Top of Supplied records

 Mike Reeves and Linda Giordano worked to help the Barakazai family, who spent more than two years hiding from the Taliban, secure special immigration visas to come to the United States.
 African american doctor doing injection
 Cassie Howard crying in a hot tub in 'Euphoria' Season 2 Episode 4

Bottom of Supplied records
Top of Supplied records

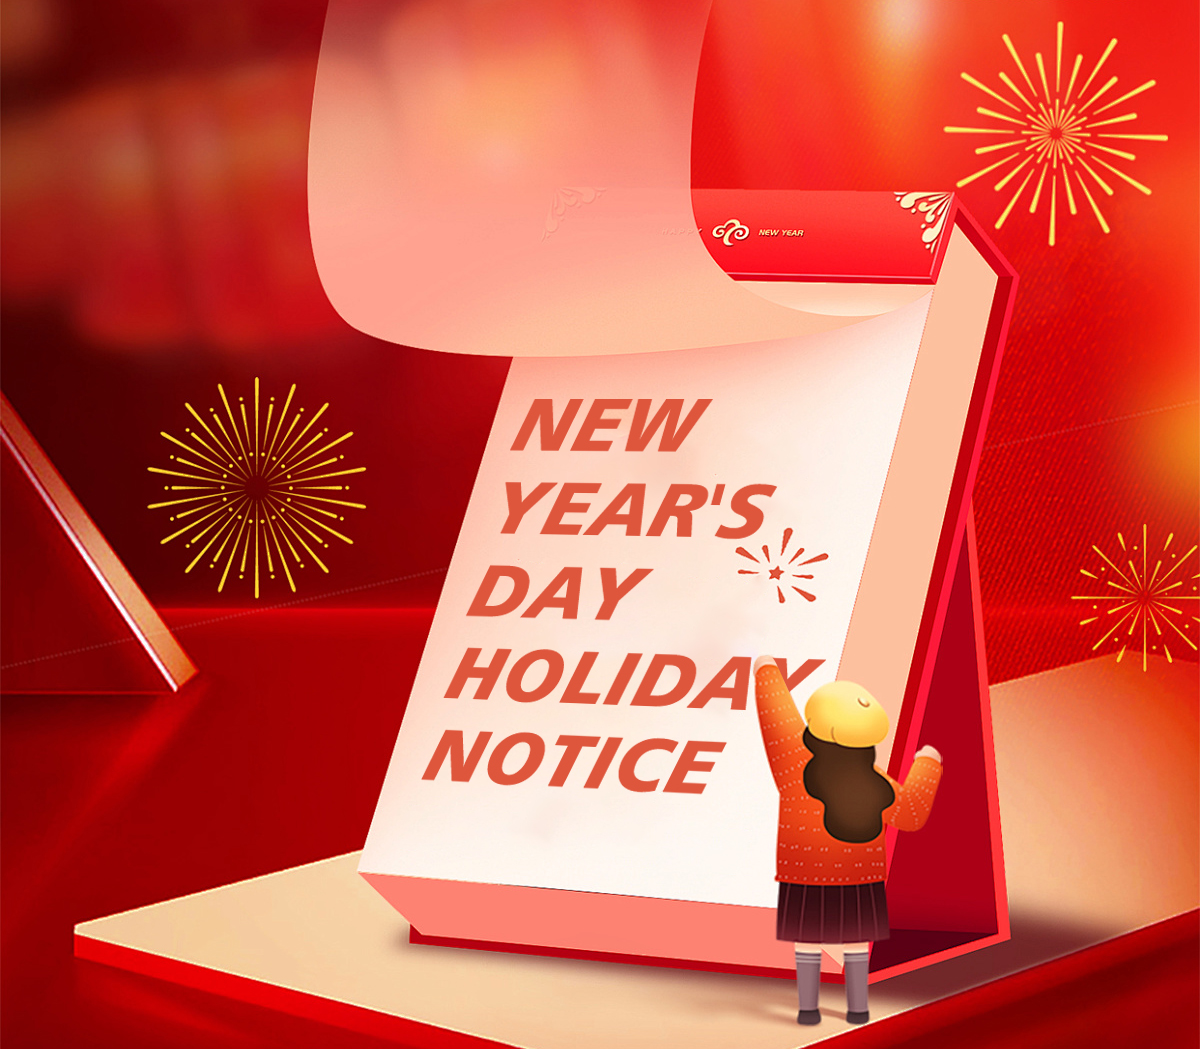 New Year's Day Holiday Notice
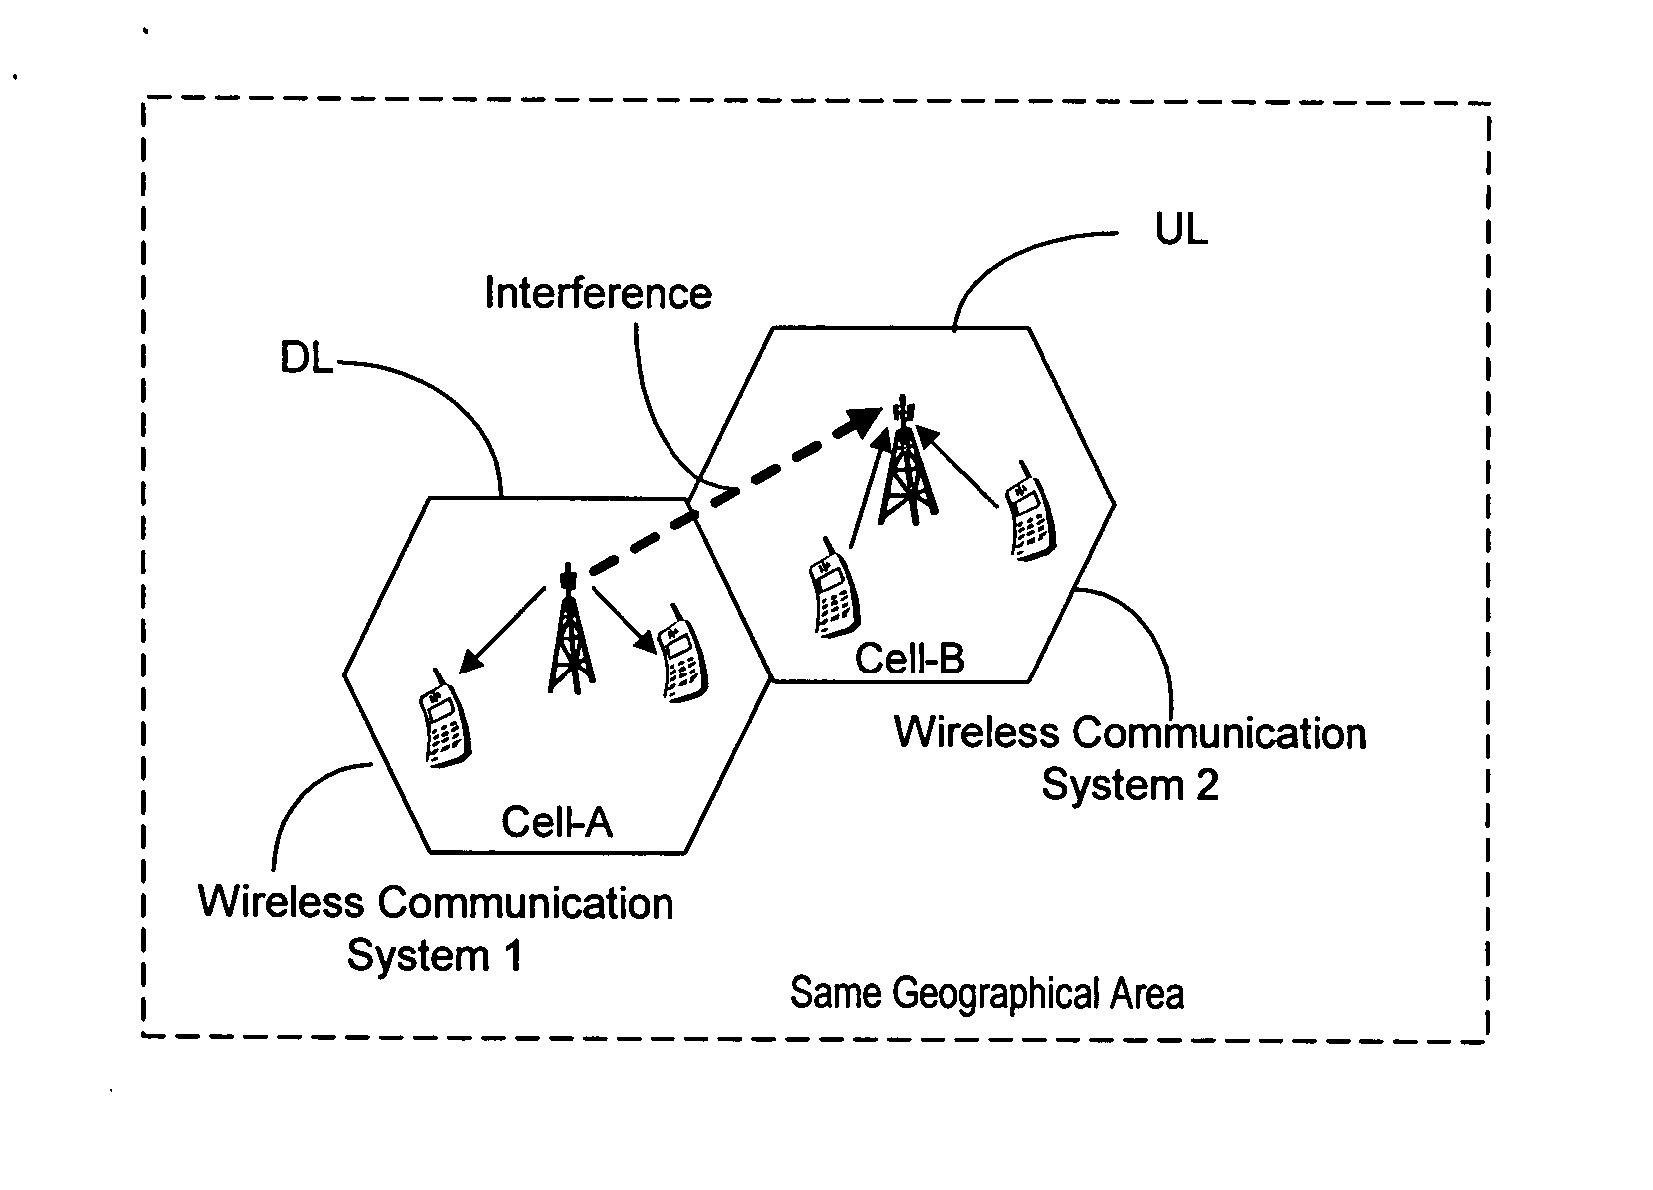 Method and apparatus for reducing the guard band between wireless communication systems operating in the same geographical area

Bottom of Supplied records

# Work to complete
Would you retype the lines above from the one with "Mike Reeves and" down to the one with "African american doctor doing injection", word for word, both ends included and no other lines?

# Written answer
 Mike Reeves and Linda Giordano worked to help the Barakazai family, who spent more than two years hiding from the Taliban, secure special immigration visas to come to the United States.
 African american doctor doing injection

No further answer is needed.